Dec. 8, 2016

The New Jim Crow

The New Jim Crow by Michelle Alexander (2012) is a devastating and important book. Alexander’s thesis will be difficult for well-intentioned people to accept: our 30-year “War on Drugs” and the resulting mass incarceration of African-American men is “a stunningly comprehensive and well-disguised system of racialized social control that functions in a manner strikingly similar to Jim Crow.”

Whether the drug war was purposely designed to immiserate African-Americans is not clear. Racist intent would be almost impossible to prove today; in our “color-blind” society, racists do not explicitly announce their motivations as they once did. I tend to be cynical about such things, but at this point the legislators’ intent hardly matters. Even if the mass incarceration of black men is an innocent, unintended consequence of the anti-drug crackdown, it is now an accomplished fact. It doesn’t matter how we got here; we are here now. The question is what to do about the problem. Acknowledging that the problem exists is a necessary first step.

I admit I was skeptical about Alexander’s conclusion. I still don’t buy all of it. But the statistics are overwhelming. I am a former prosecutor, I am not naive about the court system, but I was shocked by the numbers.

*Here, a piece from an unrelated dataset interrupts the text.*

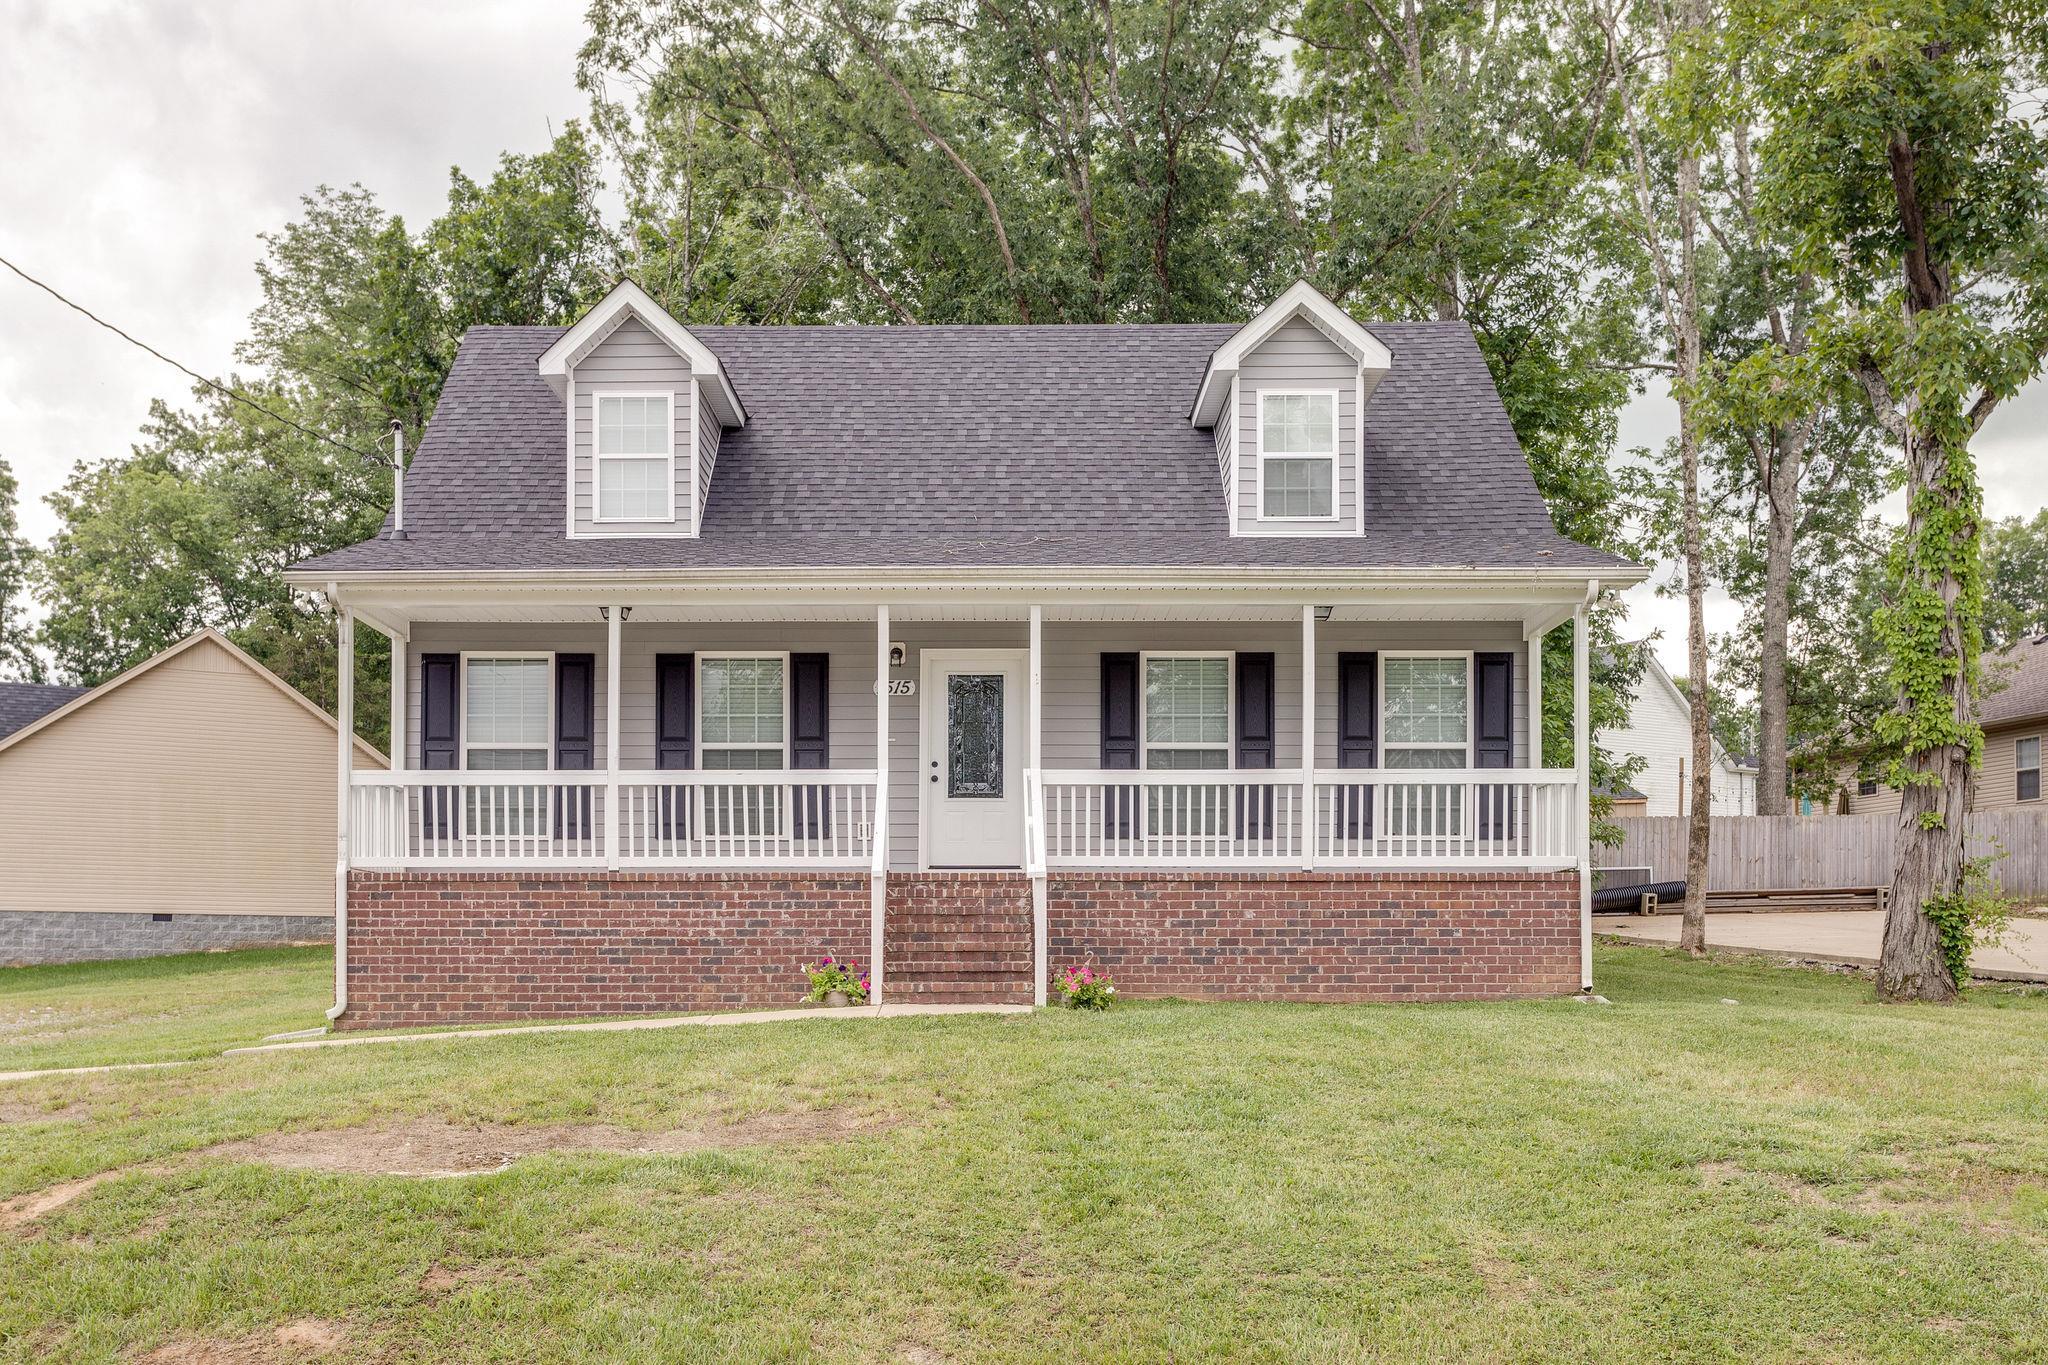 1515 Joanne Cir, Lewisburg, TN 37091 - Lewisburg, TN real estate listing

  • Since the War on Drugs was declared in the 1980’s, “the U.S. penal population exploded from around 300,000 to more than 2 million.”
  • “There are more people in prisons and jails today just for drug offenses than were incarcerated for all reasons in 1980.”
  • “The United States imprisons a larger percentage of its black population than South Africa did at the height of apartheid.”
  • “In seven states, African Americans constitute 80 to 90 percent of all drug offenders sent to prison,” according to one study from 2000.
  • “In Washington, D.C., … three out of four young black men (and nearly all those in the poorest neighborhoods) can expect to serve time in prison.”
  • “African American youth account for 16 percent of all youth, 28 percent of all juvenile arrests, 35 percent of the youth waived to adult criminal court, and 58 percent of youth admitted to state adult prison.”
  • Actual drug crime does not explain the racial disparities in our criminal justice system: “People of all races use and sell illegal drugs at remarkably similar rates.”
  • There is no evidence that locking up non-violent drug offenders has made us any safer: “violent crime rates have fluctuated over the years and bear little relationship to incarceration rates — which have soared over the past three decades regardless of whether violent crime was going up or down.”

That the criminal justice system does not treat African-Americans equally is not news. It is the scale of the injustice that is so shocking, and the fact that the problem has gotten so much worse so recently. Go back, read those numbers again.

We like to think that history equals progress — that over time, things get better. In many ways, of course, they do. But progress is never guaranteed and never uniform. The New Jim Crow is a sobering reminder of that, particularly at a moment in our politics when wisdom and compassion seem to be in short supply.